● **Activity**
For each record that follows, give it back exactly, with no pictures included.

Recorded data
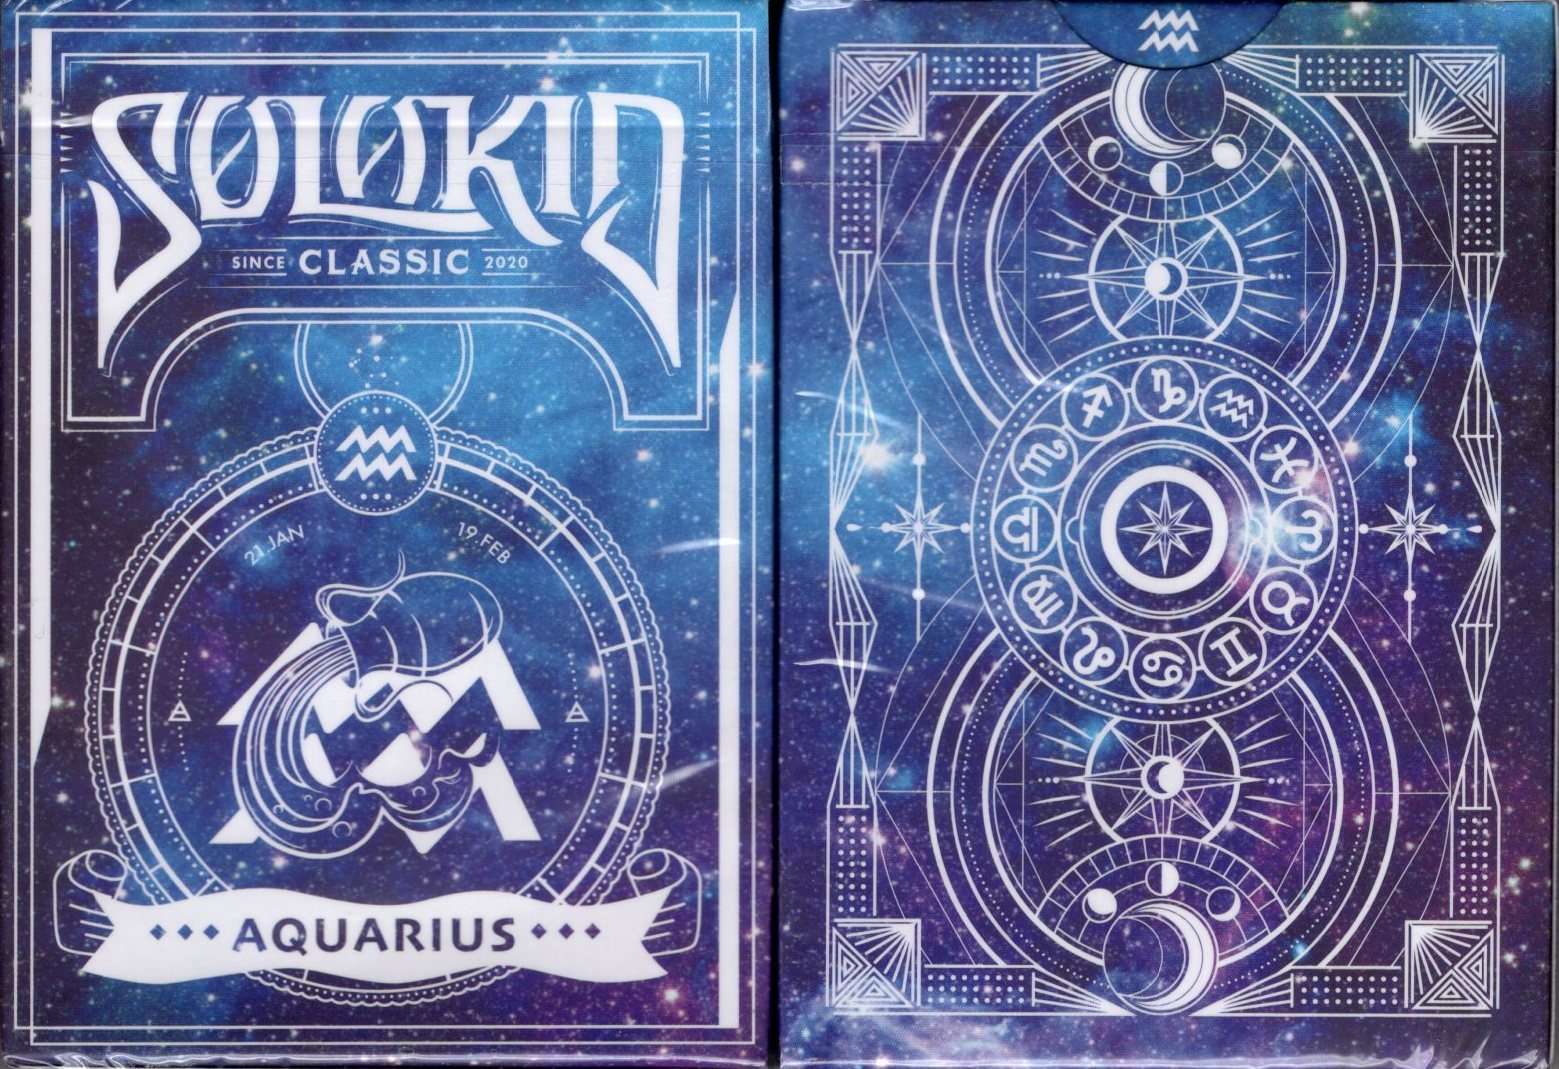 PlayingCardDecks.com-Solokid Constellation Series v2 Aquarius Playing Cards MPC
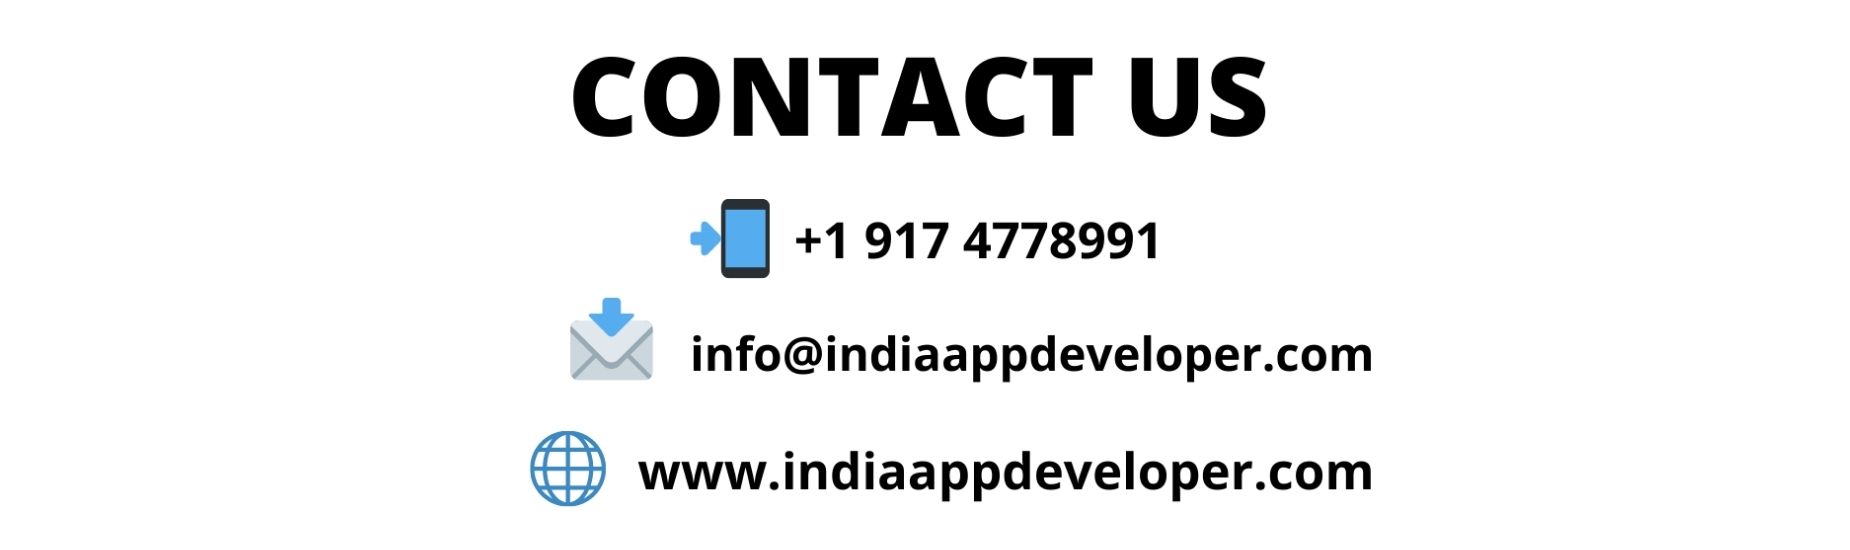 Dedicated iPhone App Developers Hire India | India App Developer
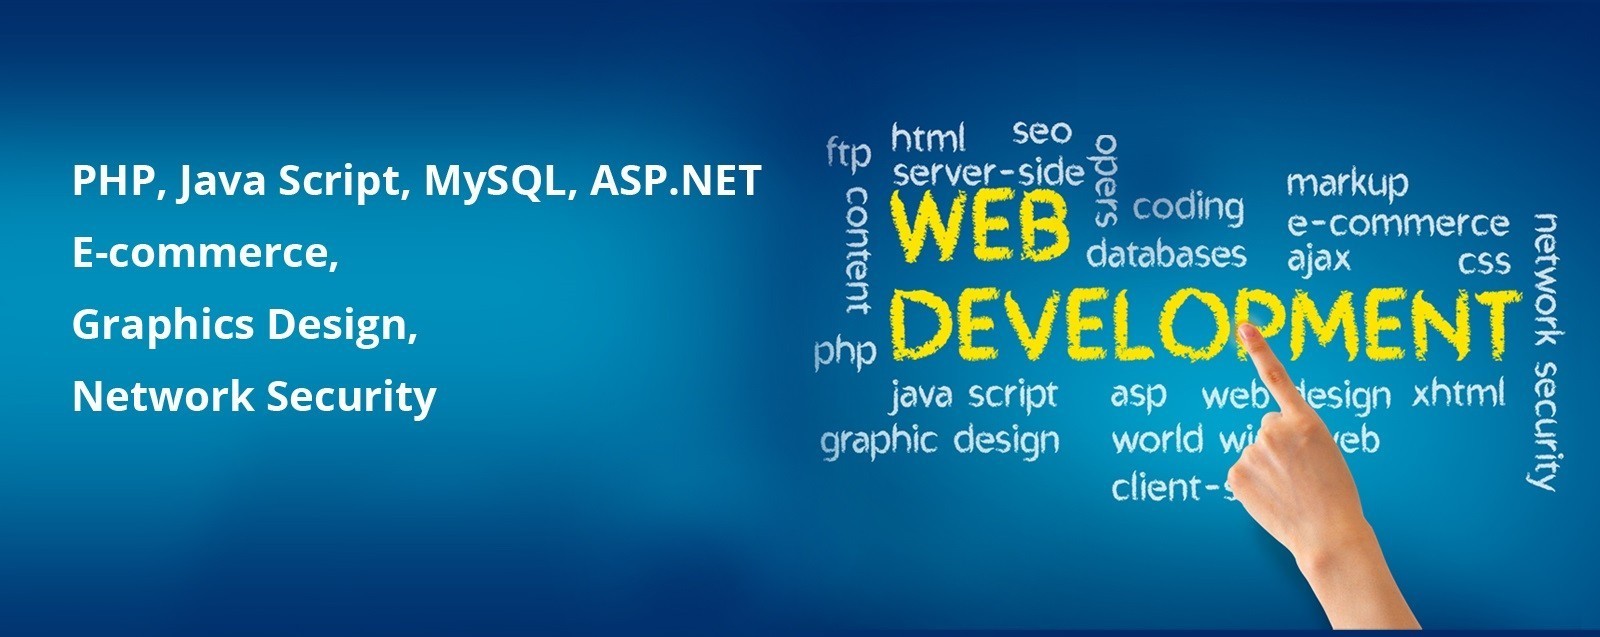 Web Designing and Web Development CompanySoftware Development Company
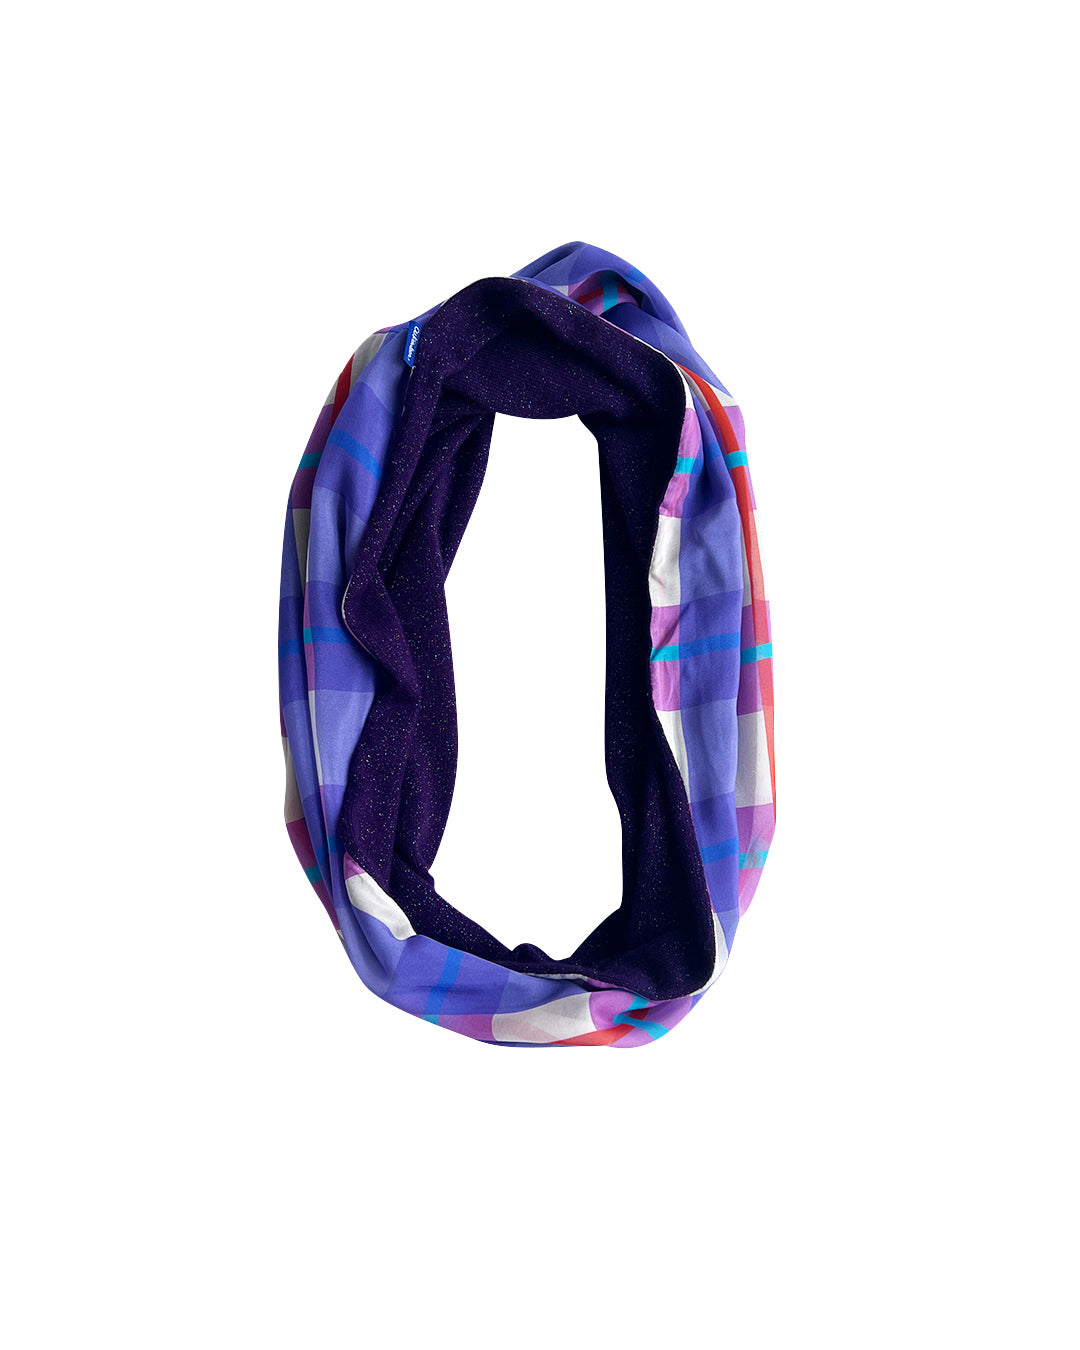 purple red blue plaid cashmere infinity loop purple scarf cukimber designs
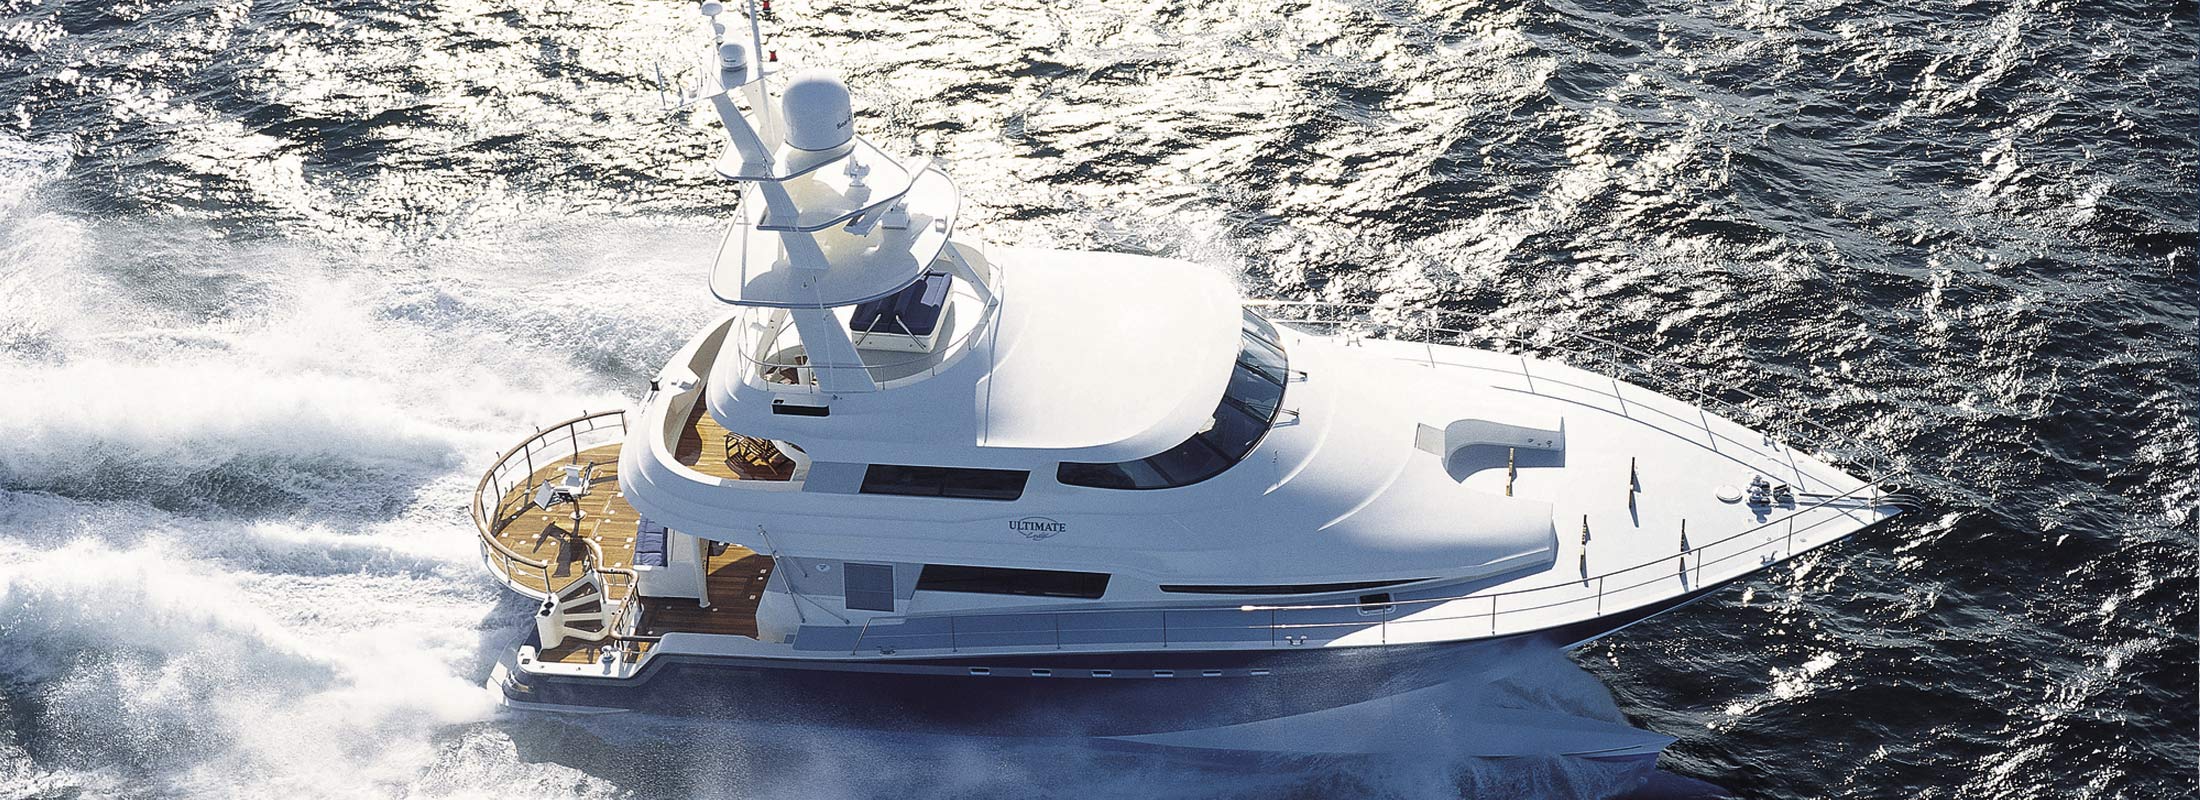 Ultimate Lady Motor Yacht for Charter Tahiti Bora Bora slider 1
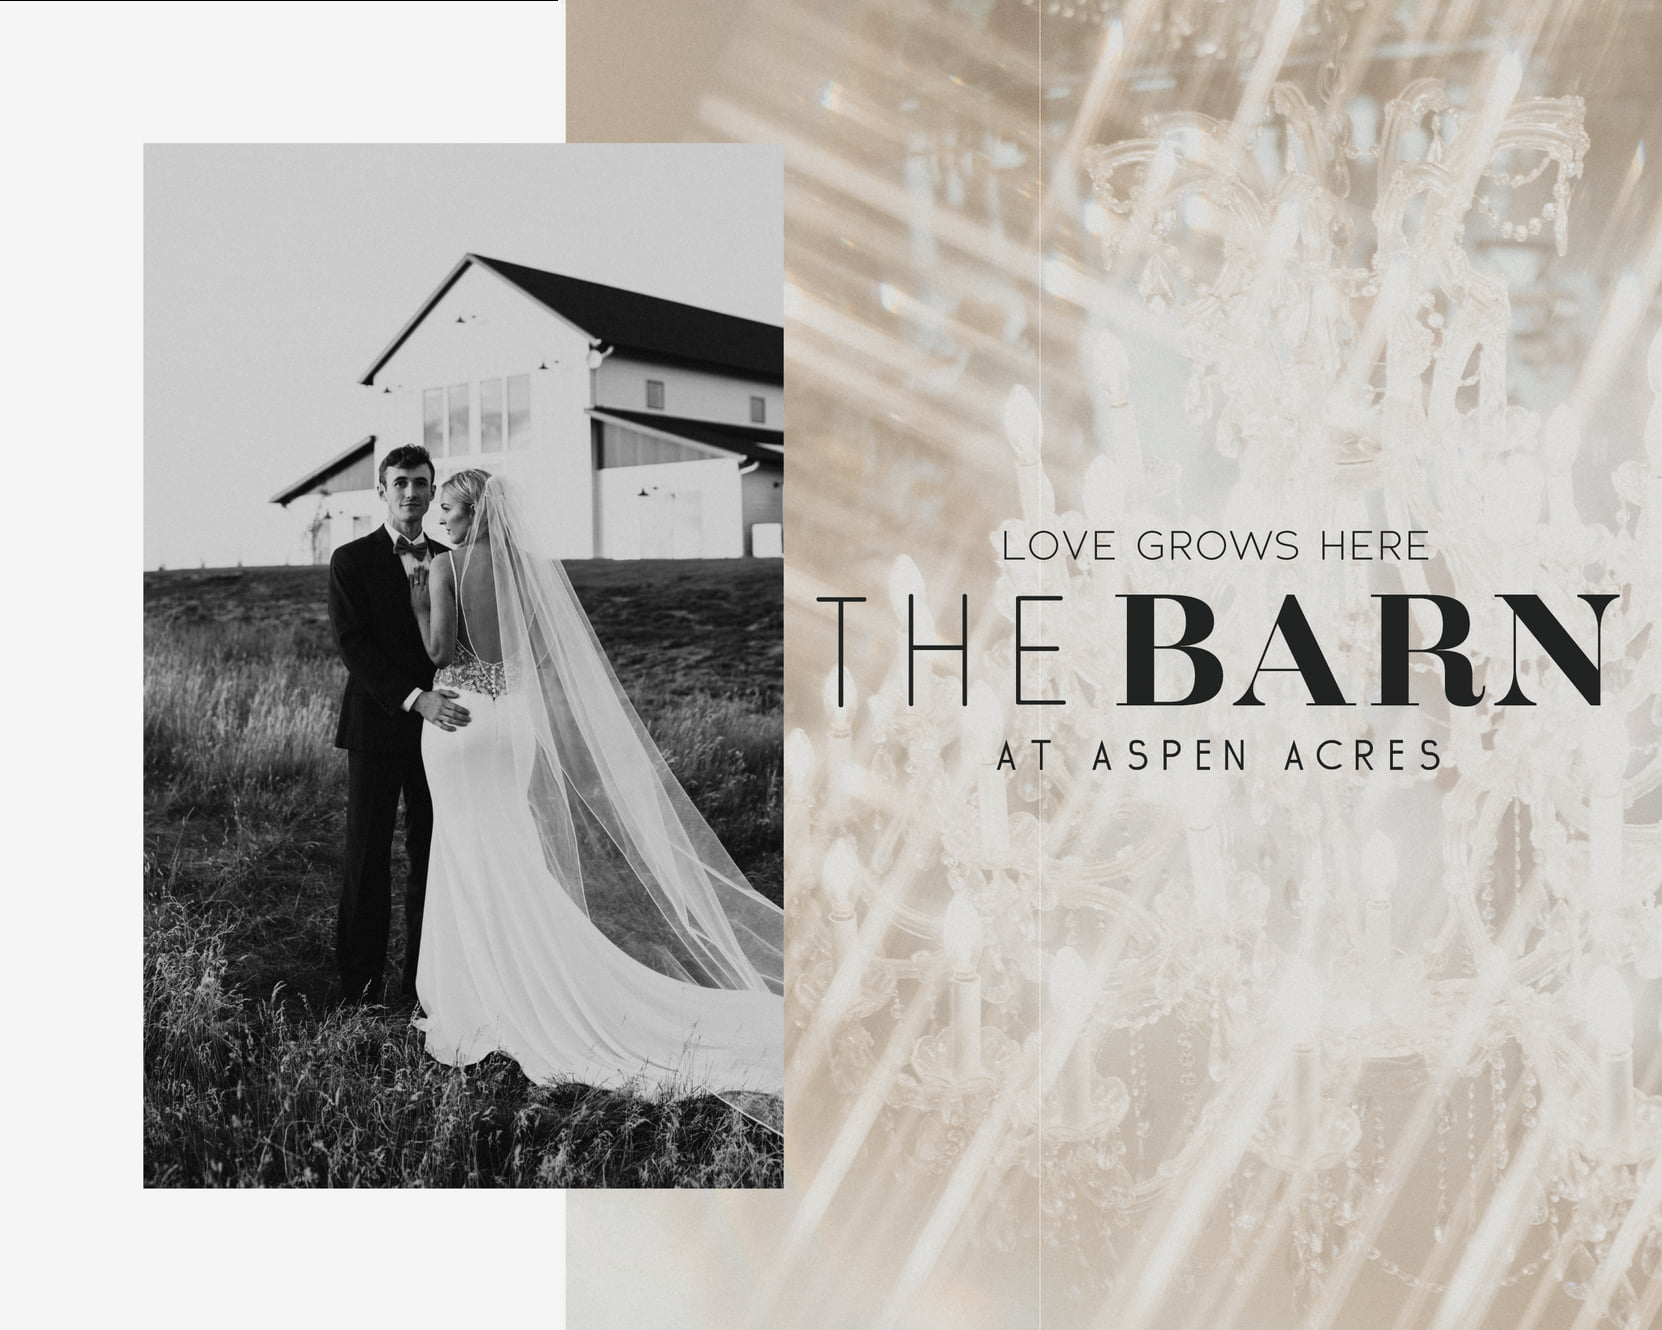 The Barn Aspen Acres outdoor wedding venues in South Dakota

● **Answer to this exercise**
 PlayingCardDecks.com-Solokid Constellation Series v2 Aquarius Playing Cards MPC
 Dedicated iPhone App Developers Hire India | India App Developer
 Web Designing and Web Development CompanySoftware Development Company
 purple red blue plaid cashmere infinity loop purple scarf cukimber designs
 Ultimate Lady Motor Yacht for Charter Tahiti Bora Bora slider 1
 The Barn Aspen Acres outdoor wedding venues in South Dakota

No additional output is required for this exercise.